By including reports about the time they spend with a child, CASA volunteers submit recommendations to the court that are given precedence, Miljanich said.
It costs about $2,500 for one CASA volunteer to work with a child each year and 10 percent of their budget is derived from the State Court Judicial Counsel budget, Miljanich said. However, CASA runs primarily on donations from generous sponsors and fundraisers, said Brigitte Greenstone, CASA’s development associate.
On Sunday, Aug. 25, CASA’s auxiliary members will be hosting their sixth annual Garden Party fundraiser. They are expecting about 300 people to show and have already raised $100,000; a stark increase from the $12,000 they raised during their first fundraiser, Greenstone said. Encouraging altruistic donations and sharing stories of their success is necessary to reach their goal of pairing every foster child with a CASA worker, Greenstone said.
Edison has lectured during CASA trainee sessions and will be speaking about his experiences at this year’s event.

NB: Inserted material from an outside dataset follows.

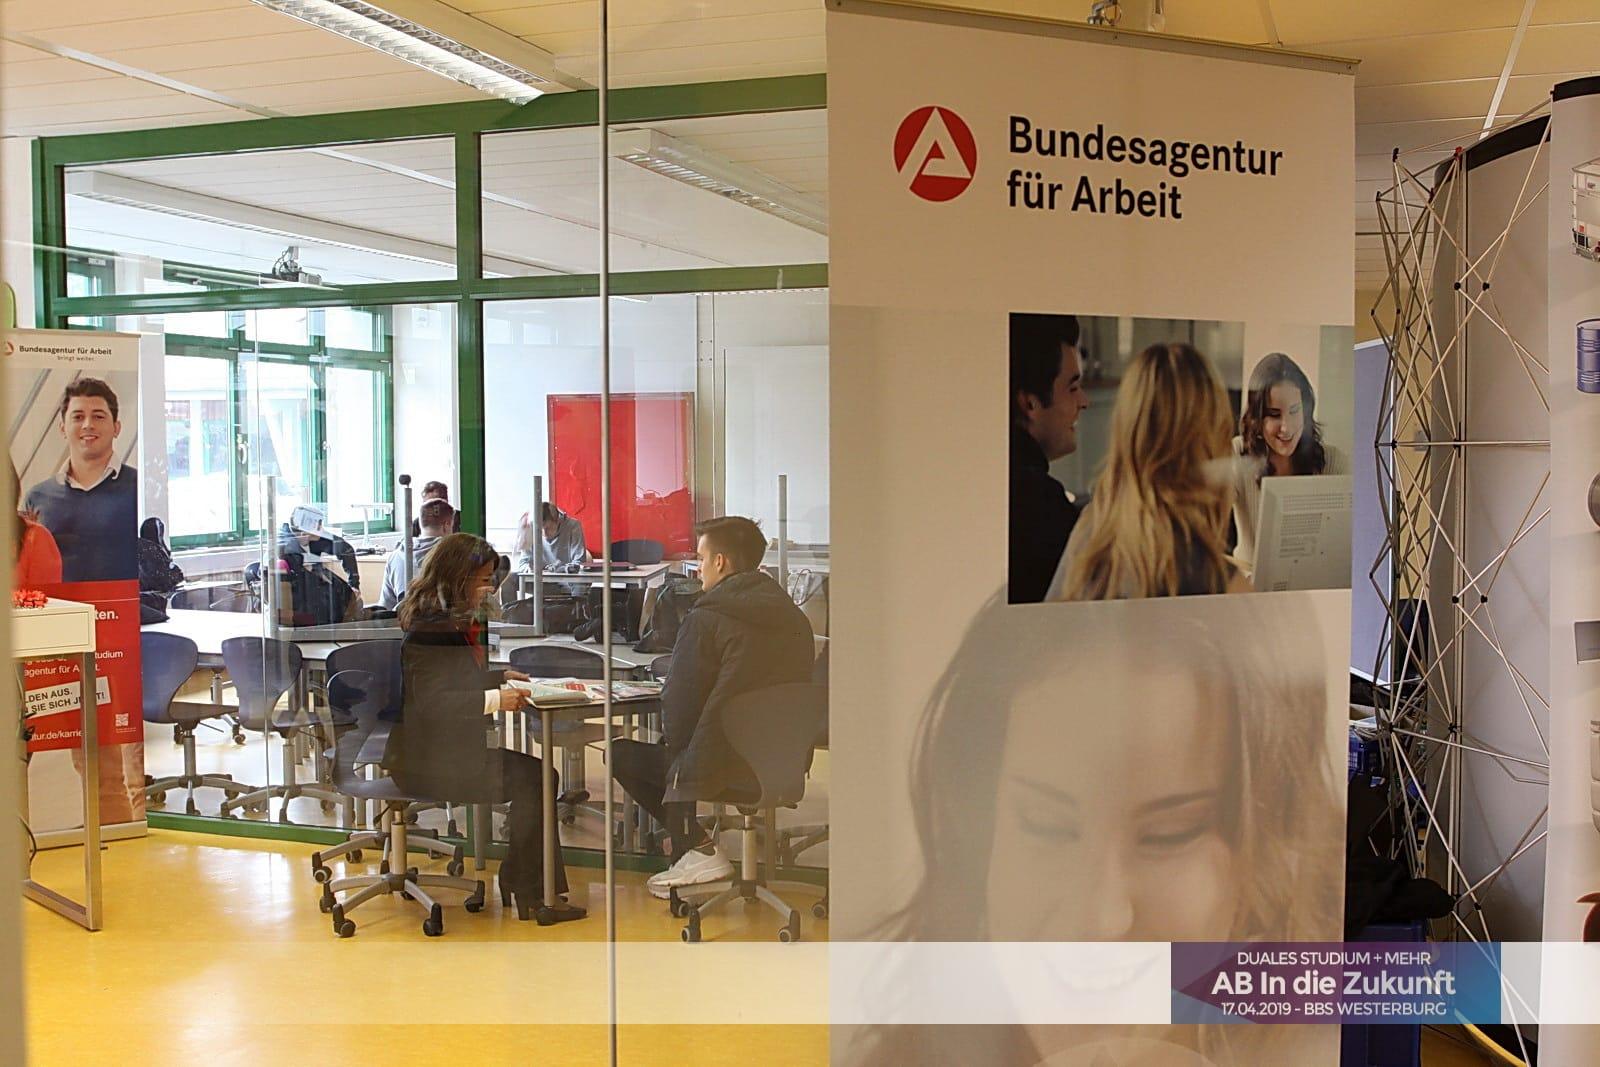 Bundesagentur für Arbeit - AB In die Zukunft - Ausbildungs- und Studieninformationen aus erster Hand - BBS Westerburg

Miljanich hopes that by supporting these children, they can go on to become successful in their own lives and helpful to others in similar predicaments.
“One of the critical things that a CASA volunteer can do is just be someone who will listen,” Miljanich said. “Who [a child] can share their experiences with, talk about their fears and find out what their interests are so they can develop those skills and go on to be able to become advocates for themselves.”